Auch wir dürfen der Belohnung entgegenblicken, die Jehova denen verheißen hat, die ausharren. Die Erwartung dieser Belohnung ist ein fester Bestandteil unserer Erkenntnis Gottes und läßt uns im Dienst für ihn ausharren. Denken wir daher täglich über die Segnungen nach, die Jehova für uns bereithält. Mary, von der zu Beginn die Rede war, unternahm besondere Anstrengungen, das zu tun. Sie sagte: „Unlängst habe ich zum erstenmal in meinem Leben verstanden, daß Jesu Loskaufsopfer auf mich Anwendung findet. Zunehmend spüre ich, daß Jehova an mir persönlich interessiert ist. Erst vor kurzem begann ich, das wirklich zu glauben, obwohl ich seit über zwanzig Jahren eine Christin bin.“
Wie Mary haben schon Millionen andere dadurch, daß sie die Bibel studieren und aufrichtig über das Gelernte nachsinnen, erfahren, daß Jehova an seinem Volk interessiert ist, und zwar nicht nur als Gesamtheit, sondern an jedem einzelnen. Der Apostel Petrus war völlig davon überzeugt, weshalb er schrieb: „[Werft] all eure Sorge auf ihn .., denn er sorgt für euch“ (1. Petrus 5:7). Ja, Gott ist an jedem von uns interessiert!
[Fußnoten]
a Ein Schlauch war ein Behälter aus Tierhaut, der für Wasser, Öl, Milch, Wein, Butter oder Käse verwendet wurde. In alter Zeit hatte man Schläuche unterschiedlichster Größe und Form, teilweise waren es Lederbeutel oder Behälter mit einem schmalen Hals, der mit einem Stöpsel verschlossen wurde.

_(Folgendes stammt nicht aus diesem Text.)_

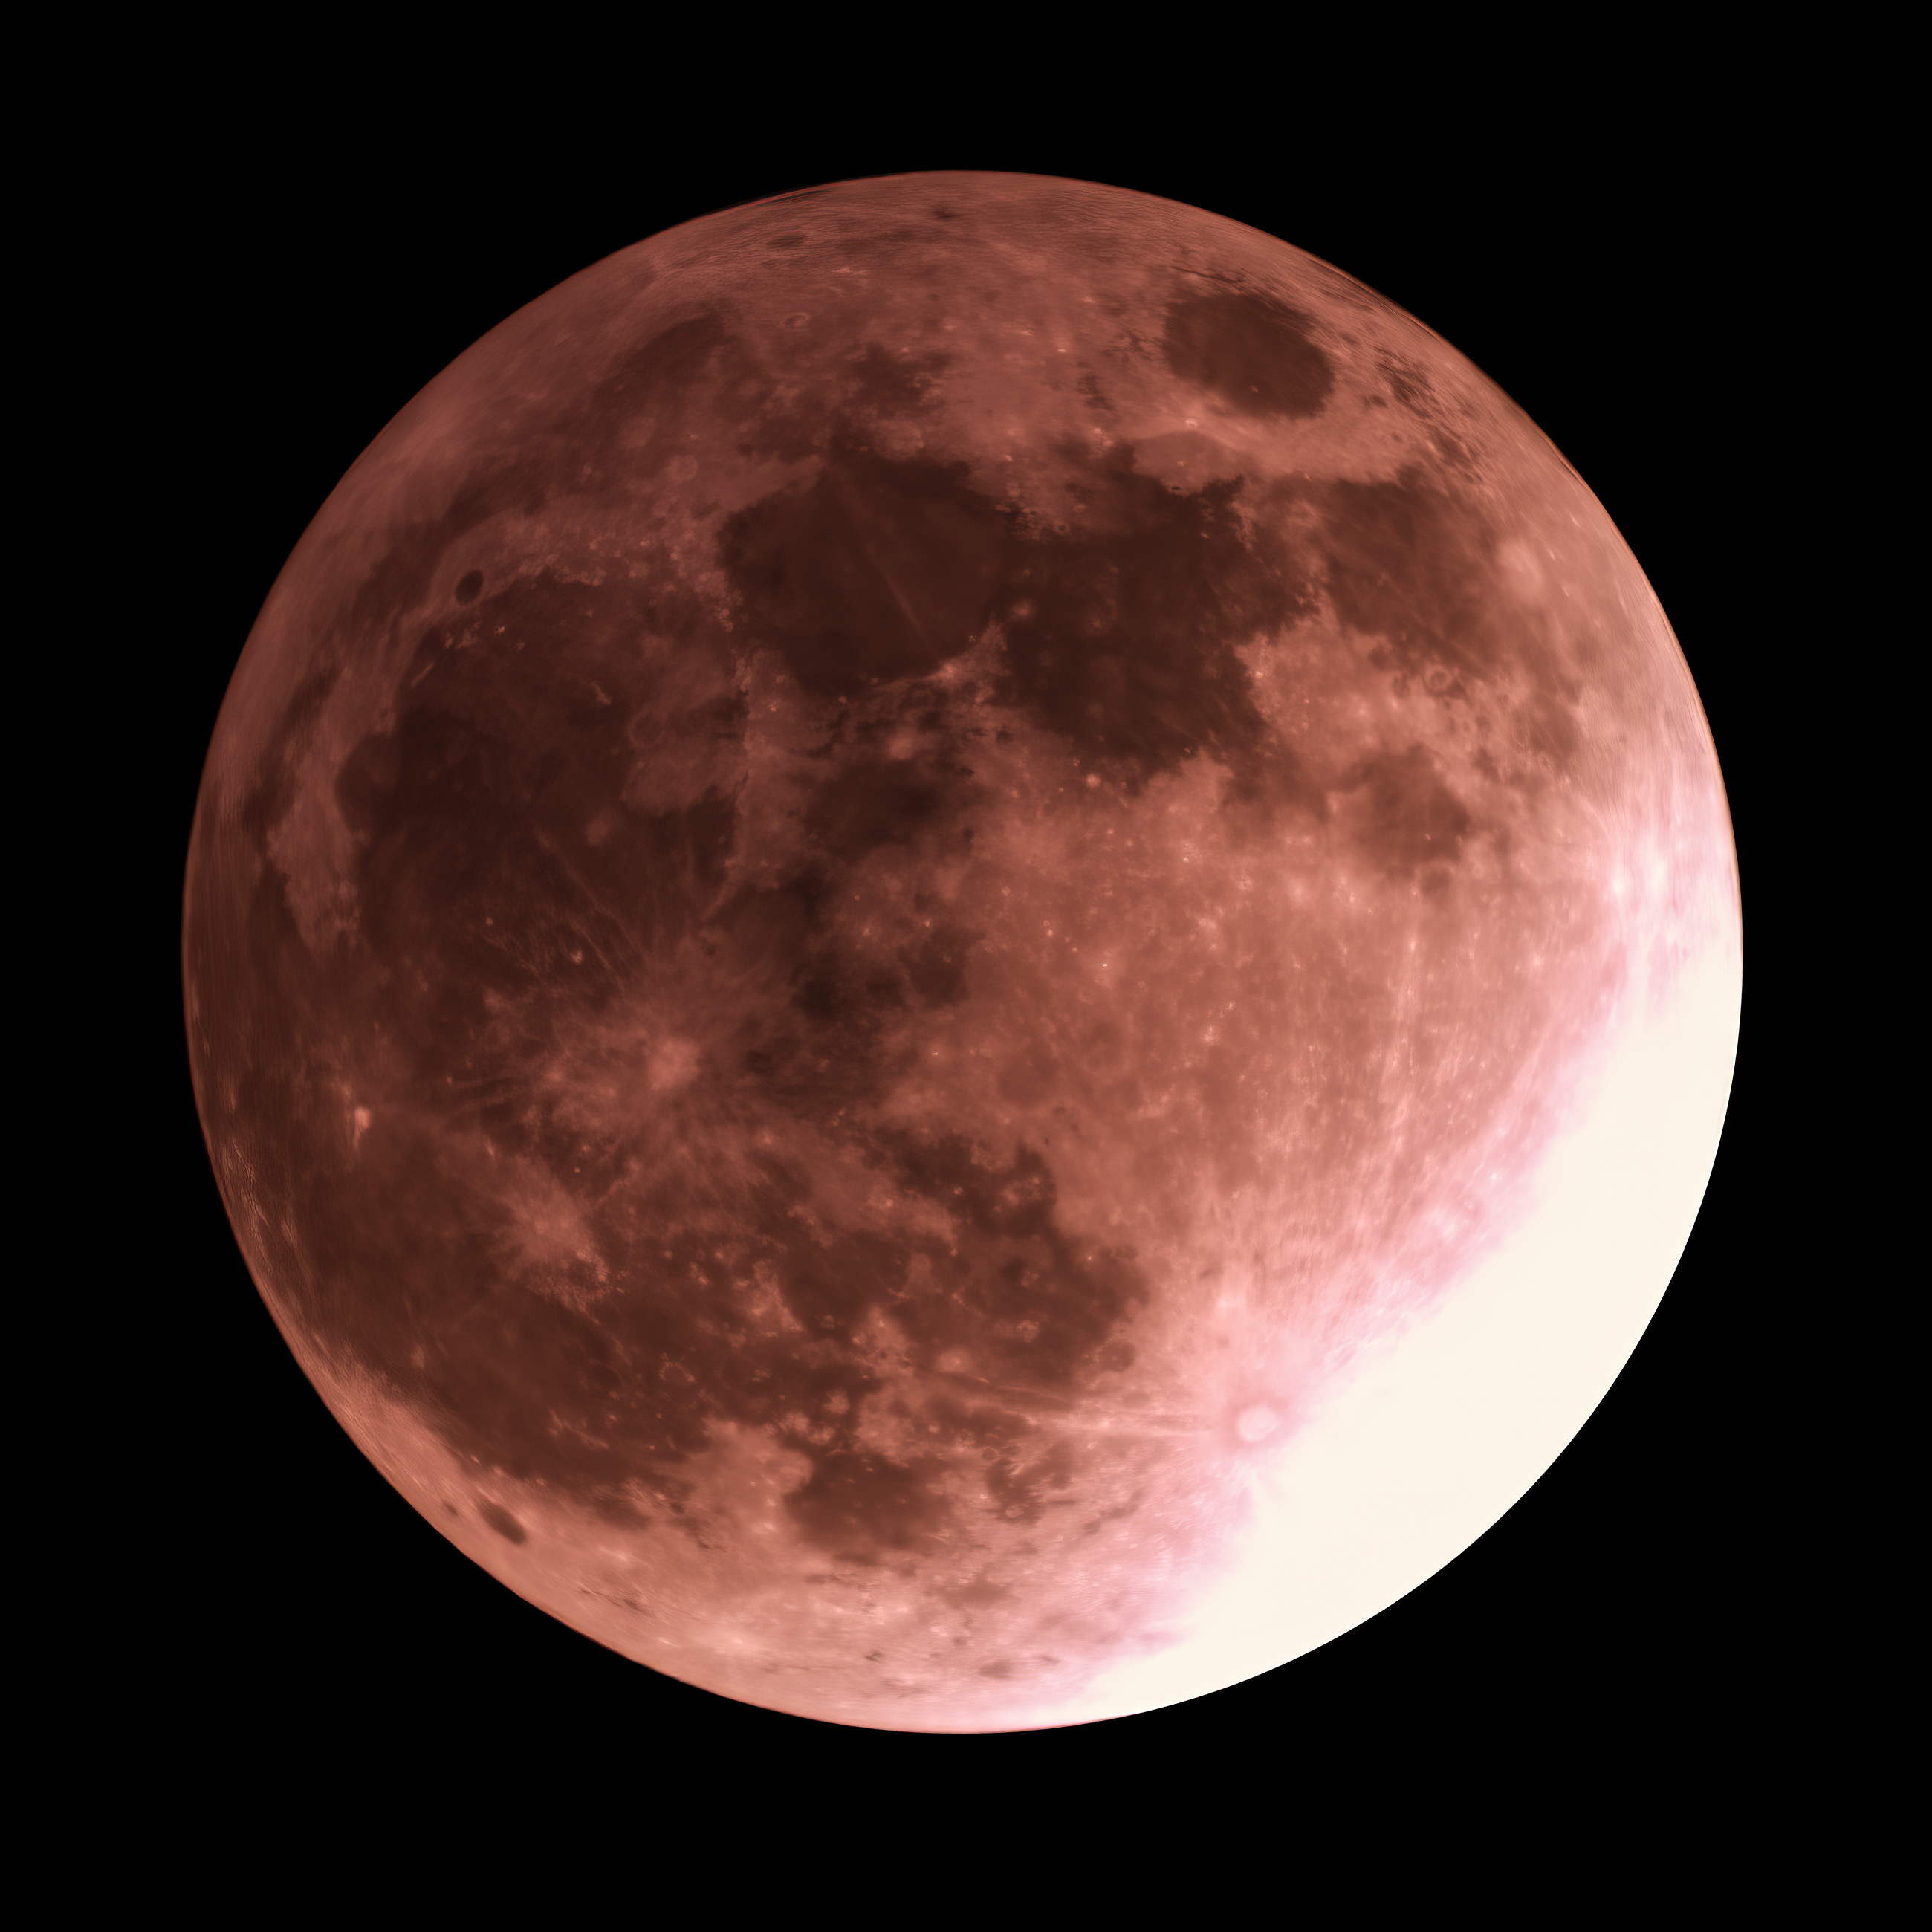 File:Full moon.png - Wikimedia Commons

b Siehe Richter 11:27; Psalm 23:1; 65:2; 73:28; 89:26; Jesaja 8:13; 30:20; 40:28; 41:14; siehe auch Neue-Welt-Übersetzung der Heiligen Schrift — mit Studienverweisen, Anhang 1J, Seite 1631, 1632, herausgegeben von der Wachtturm-Gesellschaft.
[Kasten auf Seite 6]
Die Auferstehung — ein Beweis für Gottes Interesse
EINEN überzeugenden Beweis für Gottes Interesse an jedem einzelnen liefert die Bibel in Johannes 5:28, 29, wo es heißt: „Die Stunde kommt, in der alle, die in den Gedächtnisgrüften sind, seine [Jesu] Stimme hören und herauskommen werden.“
Interessanterweise wird in diesem Text im Griechischen statt táphos (Grab) das Wort mnēméion (Gedächtnisgruft) gebraucht. Das Wort táphos vermittelt lediglich den Gedanken des Begräbnisses. Dagegen liegt bei mnēméion die Betonung auf der Bewahrung des Andenkens an den Verstorbenen.
Führen wir uns in Verbindung damit nur einmal vor Augen, welche Anforderungen die Auferstehung an Jehova Gott stellen wird. Damit er einen Menschen zum Leben zurückbringen kann, muß ihm über den Betreffenden alles bekannt sein — beispielsweise auch seine ererbten Charakterzüge und alle seine Erinnerungen. Nur dann kann die Person mit derselben Identität wiederhergestellt werden.
Vom menschlichen Standpunkt aus ist das natürlich unmöglich, aber „bei Gott sind alle Dinge möglich“ (Markus 10:27). Er kann sogar feststellen, was sich im Herzen einer Person befindet. Selbst wenn jemand schon viele Jahrhunderte tot ist, ist Gottes Erinnerung an ihn lückenlos; sie wird nicht schwächer (Hiob 14:13-15). Als Jesus Abraham, Isaak und Jakob erwähnte, konnte er sogar Jahrhunderte nach deren Tod sagen, daß Jehova „nicht ein Gott der Toten [ist], sondern der Lebenden, denn für ihn leben sie alle“ (Lukas 20:38).
Somit hat Jehova Milliarden Verstorbene in allen Einzelheiten in seinem Gedächtnis. Welch ein erstaunlicher Beweis dafür, daß Gott an dem einzelnen Menschen interessiert ist!